Nicht nur inhaltlich, auch formal orientieren sich viele der Autoren, die in Lovecrafts Fußstapfen treten, an ihrem Vorbild. Im Klartext bedeutet das, dass viele von ihnen Kurzgeschichten oder Novellen schreiben. „Cthulhoide“ Romane existieren durchaus, sie sind aber seltener. „Nathaniel“ (2006 erschienen) ist einer dieser Romane und stammt sogar von einem deutschen Autor, Michael Siefener.

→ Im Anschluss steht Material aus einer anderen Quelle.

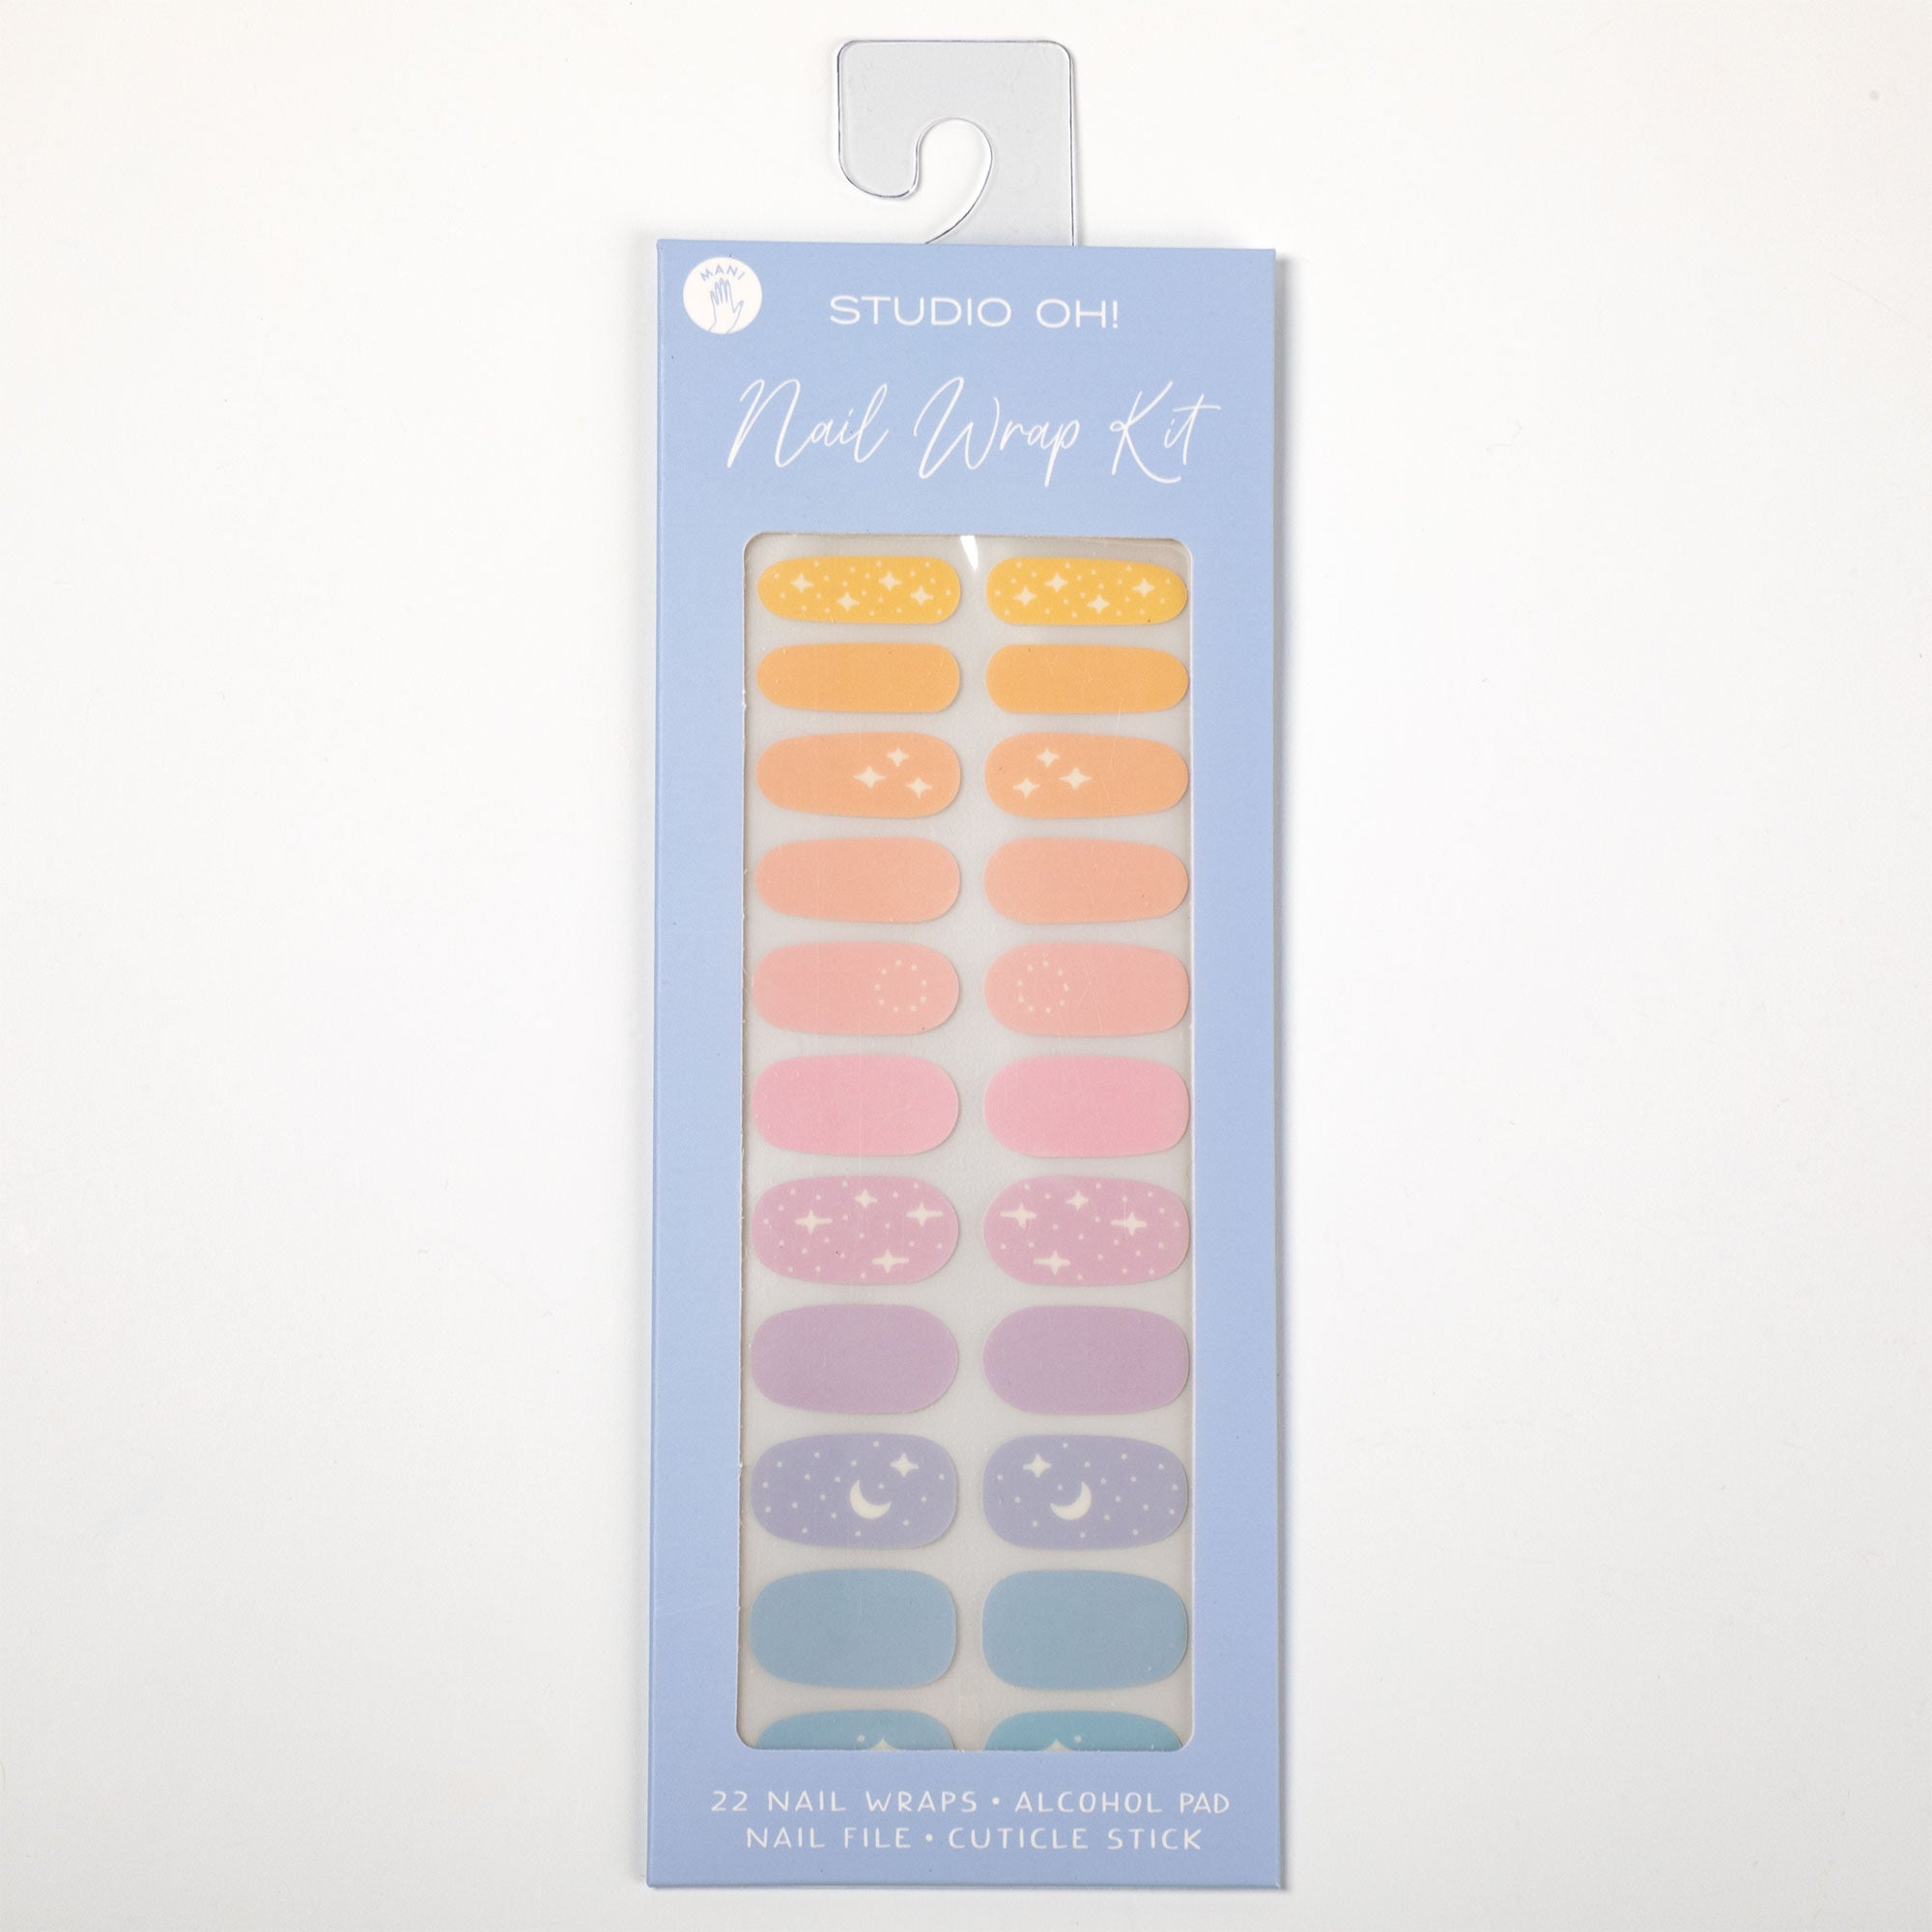 Patterned Manicure Nail Wrap Kit - Pastel Ombre

Die Prämisse ist dabei eher ungewöhnlich: Wir schreiben eine düstere Zukunft, in der die Menschheit fast jegliche zivilisatorischen Errungenschaften, inkulsive der Schrift, verloren hat und vom fanatischen Kult des Gottes Guttu unterdrückt wird. Der Protagonist und Namensgeber des Romans, Nathaniel, hinterfragt die Zustände nicht, jedenfalls bis zu dem Zeitpunkt, da ihn sein alter Freund Edward Derby aufsucht und auf seiner Türschwelle stirbt, allerdings nicht, ohne Nathaniel vorher einen mysteriösen Gegenstand zu überreichen und ihn zu bitten, diesen einer Person namens Asenath zu übergeben. So macht sich Nathaniel auf die Suche nach Asenath, stößt dabei auf eine Gruppe von Rebellen, die die Vorschriften des Kultes nicht akzeptiert und kommt schließlich auch hinter das Geheimnis des unterdrückerischen Gottes.
Schon bei dieser knappen Inhaltsangabe dürfte dem Lovecraft-Fan auffallen, dass hier einige Figuren auftauchen, die nach Charakteren aus Lovecrafts Geschichten benannt sind. Nathaniel Wingate Peaslee stammt aus „The Shadow out of Time“, Edward Derby und Asenath aus „The Thing on the Doorstep“ und Wilbur und Lavinia Whatheley, in „Nathaniel“ Mitglieder der Rebellengruppe, wurden aus „The Dunwich Horror“ entlehnt. Damit enden die Metaaspekte dieser Romans allerdings noch nicht, denn im Vorwort wird „Nathaniel“ als verschollener Roman H. P. Lovecrafts ausgegeben, den Siefener nur übersetzte (was natürlich nicht der Fall ist). Das mag beim Lesen für jemanden, der mit Lovercrafts Stil vertraut ist, erst einmal seltsam erscheinen. Zwar gibt es ein paar stilistische Anleihen, im Großen und Ganzen unterscheidet sich Siefeners Stil jedoch stark von dem Lovecrafts, und auch davon abgesehen gibt es hier Handlungskonzepte, die bei Lovecraft nie auftauchen würde, etwa eine angedeutete Romanze. Diese Diskrepanz wird allerdings im Epilog des Romans, der aus fiktiven Briefen Lovecrafts besteht, aufgegriffen. Dieser metafiktionale Rahmen ist leider auch das interessanteste Element an Siefeners Roman. Während die Prämisse durchaus noch vielversprechend ist, lässt die Umsetzung eher zu wünschen übrig.
Siefener schreibt nicht schlecht, es gelingt ihm aber auch nicht wirklich, die Handlung und die Personen wirklich interessant oder spannend zu machen; fast alles hat man an anderer Stelle schon besser gelesen. Siefener versucht, das Gefühl des kosmischen Grauens, das in Lovecrafts Texten so dominant ist, zu erwecken, aber so recht will es ihm einfach nicht gelingen, vor allem auch, weil der Handlungsverlauf doch äußerst vorhersehbar ist. Das ist wirklich schade, denn die Grundidee und der metafiktionale Rahmen sind äußerst vielversprechend.
Fazit: So gerne ich auch einen deutschen Cthulhu-Roman empfehlen würde, Michael Siefeners „Nathaniel“ ist leider nur Standardkost; da gibt es selbst aus deutschen Landen weitaus gelungenere Geschichten.